Un chaval de 23 años me dijo ayer: “Mi generación solo guarda una imagen de Maradona y es la de un tipo alcoholizado, drogadicto y maltratador. Un esperpento”. Sus palabras me hicieron reflexionar porque antes de que apareciera ese Maradona, que decidió convertir su vida en un suicidio permanente, existió un hombre cuyo don con el balón lo convertía en un dios ante el resto de los mortales, hasta que ese dios con pies de barro y corazón enjaulado se fue haciendo más y más perverso, hasta convertirse en una caricatura infame del ‘pelusa’ que hizo vibrar al mundo con sus toques y llevó al Nápoles a brillar con letras de oro. Pero como dijo Truman Capote: “Dios me ha dado un don, el de la escritura, pero también me ha dado un látigo para golpearme una y otra vez”. A Maradona le sucedió lo mismo y con ese látigo se fustigó hasta conquistar la muerte. Hoy el mundo lo llora.

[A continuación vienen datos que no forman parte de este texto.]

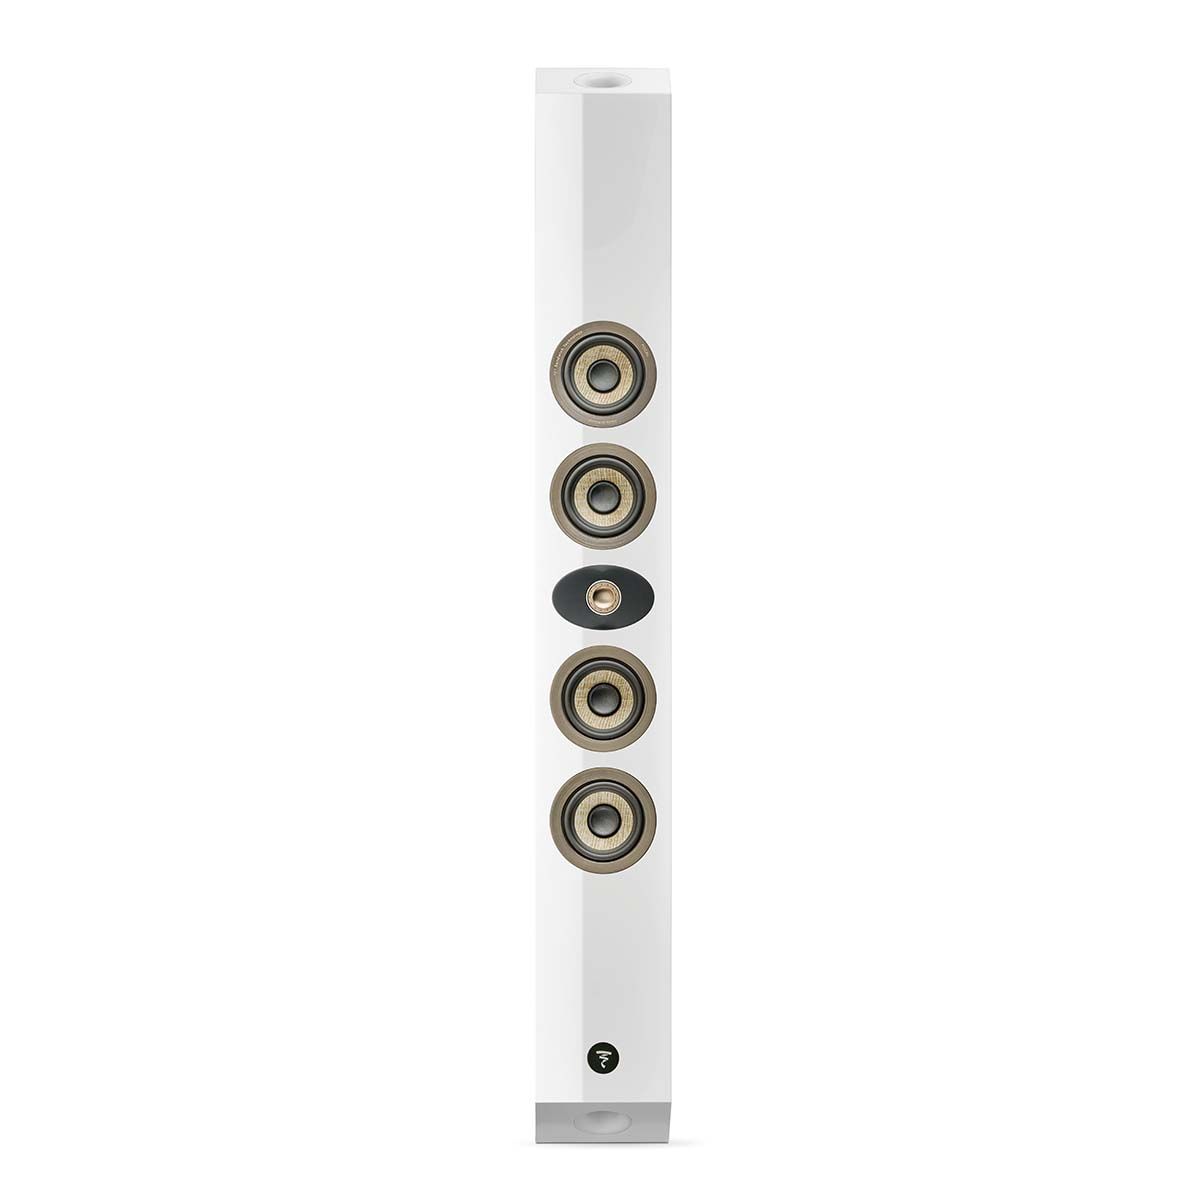 Focal On Wall 302 Speaker, Gloss White, vertical front view without grille

* Publica ‘Equilibrista’ (Los libros del gato negro, 2020).

MIGUEL MENA. “NUNCA ENTENDÍ QUE LO ENDIOSARAN”

Su figura me produce desazón y tristeza. Me cuesta aislar sus destellos de belleza de los pasajes que entraban de lleno en la ignominia. La secuencia “niño pobre, triunfo deportivo, autodestrucción y tragedia” me recuerda casos como el de Perico Fernández y en ellos no encuentro épica ni poesía. Creo en la admiración y el respeto tanto como deploro el fanatismo y la idolatría, por eso nunca entendí que lo endiosaran y se jaleara como prodigioso un gol ilegal o rieran con su comportamiento errático, pero aún siento escalofríos cuando recuerdo la entrada de Goikoetxea. Vapuleado por los rivales y por su camarilla. Demasiados golpes en su vida.

* Este año ha publicado ‘Canciones tristes que te alegran el día’ (Pregunta, 2020).

Miguel Mena: "Su figura me produce desazón y tristeza. Me cuesta aislar sus destellos de belleza de los pasajes que entraban de lleno en la ignominia".

JOSÉ ANTONIO PRADES. “SE MANTUVO EN SU INFANCIA PERPETUA”

Quienes jugamos al fútbol a la par de Maradona supimos lo que es aprender a jugar en los potreros; son recuerdos de infancia que nos llevaron a que el fútbol nos hiciera gozar o sufrir más que el sí o no de una novia. Si en algo Maradona dio ejemplo, lo cual siempre declaró que nunca quiso hacer, es como compañero y líder de potrero, roles que ejerció en cualquier cancha, ya fuera un descampado al lado de Villa Fiorito o en el estadio Azteca de México. Siempre se mantuvo en su infancia perpetua, en ese potrero. Declaro: yo quise jugar con (como) Maradona, ¡oh, capitán, mi capitán! Pura magia.

*Es autor de ‘Los últimos catorce años’ (Editorial Adarve, (2018).